III. Kegagalan pengobatan
Kegagalan pengobatan terlihat pada tingginya angka kematian dan kenaikan berat badan
kecil dari 50 gram/kgBB/minggu. Hal ini mungkin disebabkan oleh pemberian makanan tidak
adekuat, defisiensi nutrien, infeksi dan masalah psikologik.
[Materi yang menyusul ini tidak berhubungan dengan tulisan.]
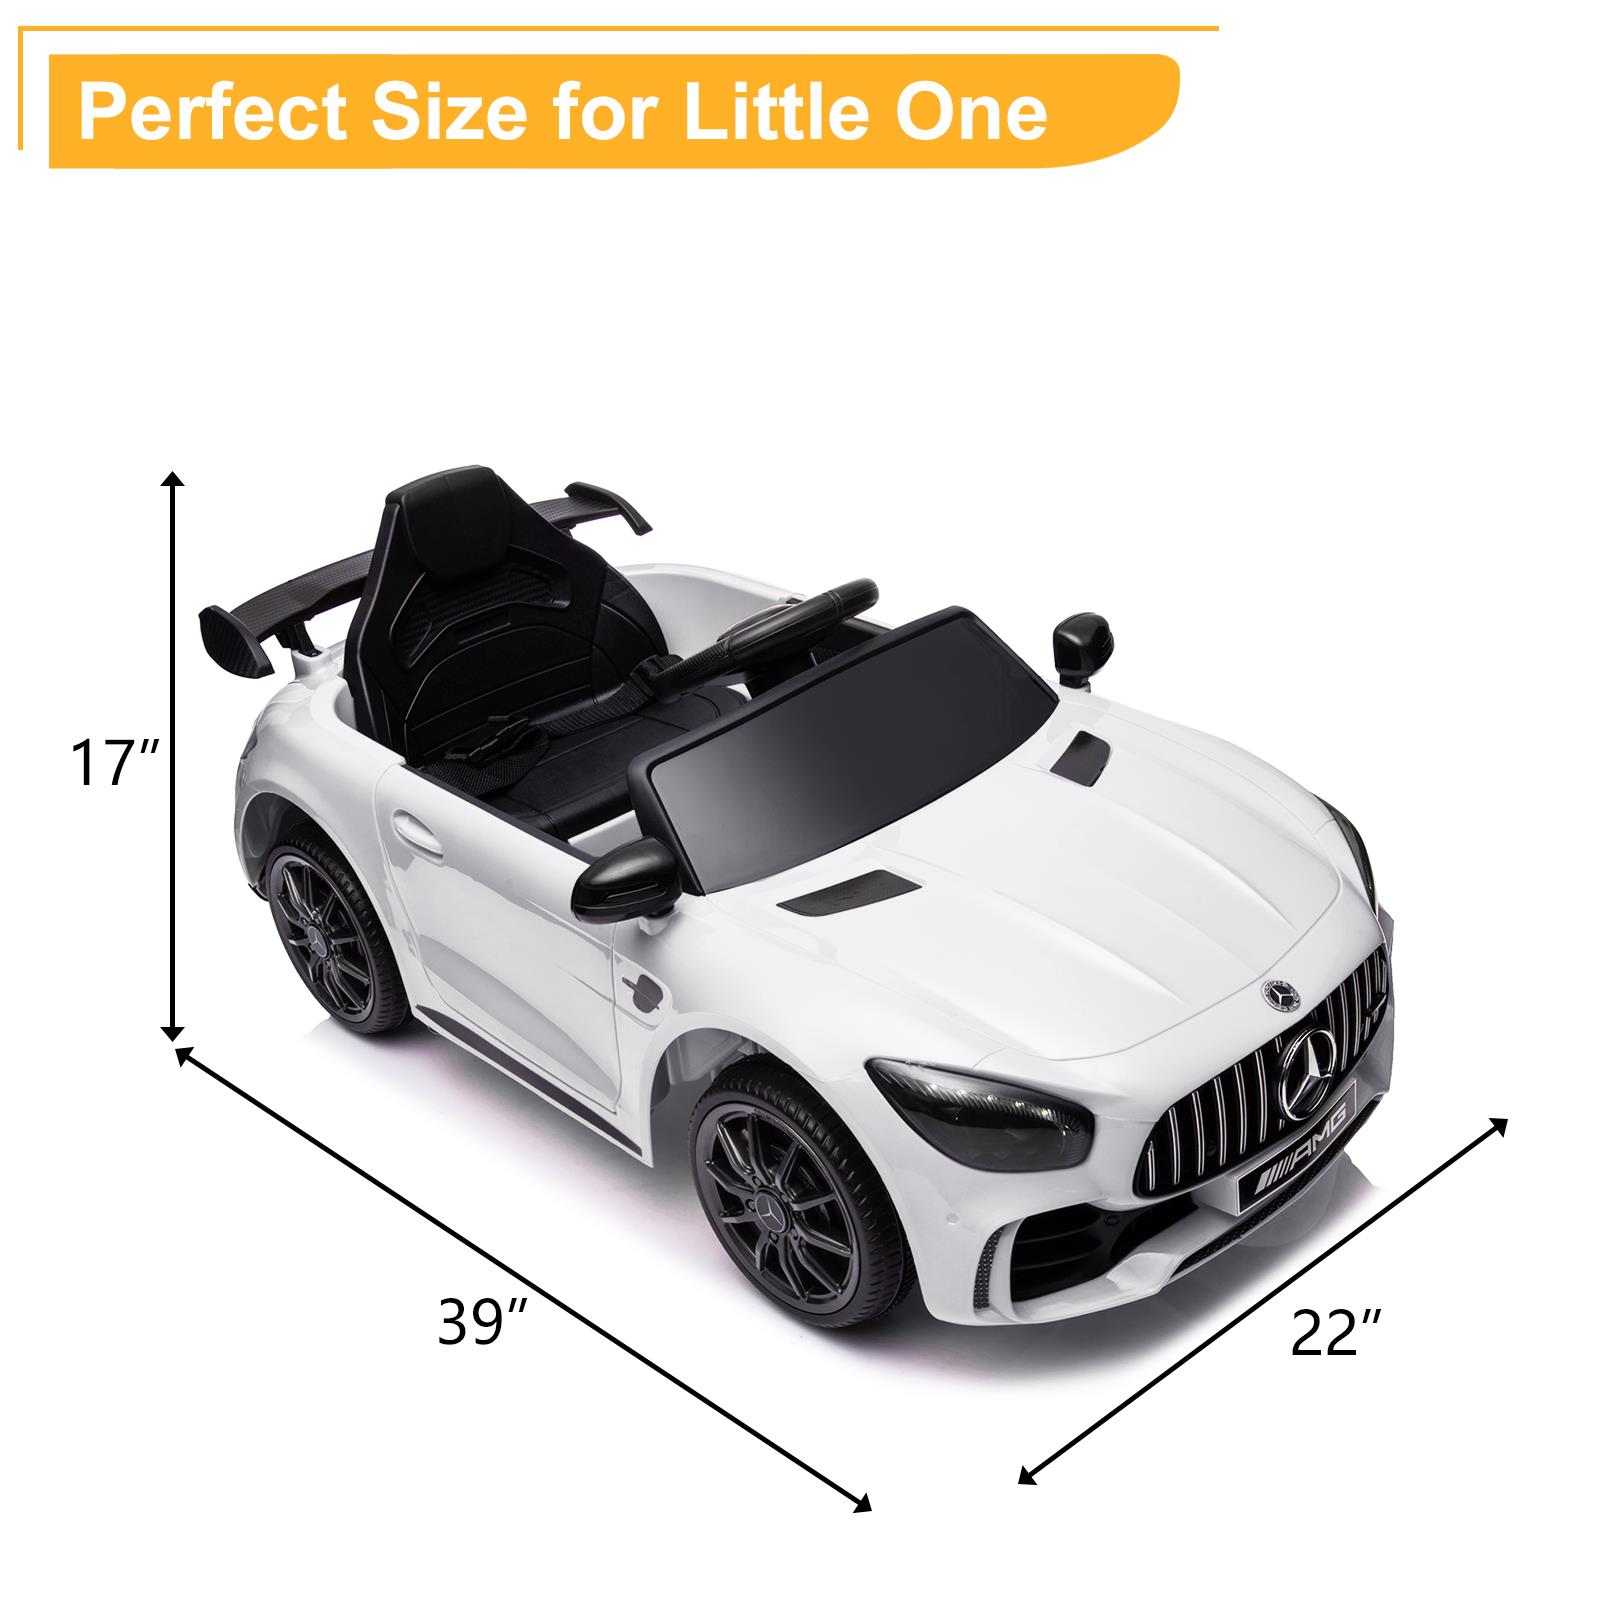 UBesGoo 12V Licensed Mercedes-Benz Electric Ride on Car Toy for Toddler Kid w/ Remote Control, LED Lights, White - image 3 of 9

IV. Penanganan pasien pulang sebelum rehabilitasi tuntas
Rehabilitasi dianggap lengkap dan anak siap dipulangkan bila gejala klinis sudah
menghilang, berat badan/umur mencapai minimal 70% atau berat badan/tinggi badan mencapai
minimal 80%.
Anak KEP berat yang pulang sebelum rehabilitasi tuntas, dirumah harus diberi makanan
tinggi energi (150 kkal/kgBB/hari) dan tinggi protein (4-6 gram/kgBB/hari):
beri anak makanan yang sesuai (energi dan protein) dengan porsi paling sedikit 5 kali
sehari
beri makanan selingan diantara makanan utama
upayakan makanan selalu dihabiskan
beri suplementasi vitamin dan mineral/elektrolit
teruskan ASI.
V. Tindakan pada kegawatan
1. Syok (renjatan):
Syok karena dehidrasi atau sepsis sering menyertai KEP berat dan sulit membedakan
keduanya secara klinis saja.
Syok karena dehidrasi akan membaik dengan cepat pada pemberian cairan intravena,
sedangkan pada sepsis tidak terjadi perbaikan dengan pemberian cairan. Hati-hati
terhadap terjadinya overhidrasi.
Pedoman pemberian cairan:
Berikan cairan intravena (iv) berupa Ringer laktat dan Dekstrosa 5% dengan
perbandingan 1:1 sebanyak 15 ml/kgBB dalam 1 jam pertama atau 5 tetes
permenit/kgBB. Evaluasi 1 jam
- Bila ada perbaikan klinis, ulangi pemberian cairan seperti diatas untuk 1 jam
berikutnya, kemudian lanjutkan dengan pemberian Resomal/pengganti, per
oral/nasogastrik, 10 ml/kgBB/jam selama 10 jam, selanjutnya mulai berikan
formula khusus (F-75/pengganti).
- Bila tidak ada perbaikan klinis anak menderita syok septik. Dalam hal ini,
berikan cairan rumat sebanyak 4 ml/kgBB/jam dan berikan transfusi darah
sebanyak 10 ml/kgBB secara perlahan-lahan (dalam 3 jam). Kemudian
mulailah pemberian formula (F-75/pengganti).
2. Anemia berat
Transfusi darah diperlukan bila:
Hb <4 g/dl
Hb 4-6 g/dl disertai distres pernafasan atau tanda gagal jantung.
Transfusi darah:
- Berikan darah segar 10 ml/kgBB dalam 3 jam.
Bila ada tanda gagal jantung, gunakan ‘packed red cells’ untuk transfusi
dengan jumlah yang sama.
- Beri furosemid 1 mg/kgBB secara i.v. pada saat transfusi dimulai.
Perhatikan adanya reaksi transfusi (demam, gatal, Hb-uria, syok).
Bila pada anak dengan distres nafas setelah transfusi Hb tetap <4 g/dl atau antara 4-6
g/dl, jangan diulangi pemberian darah.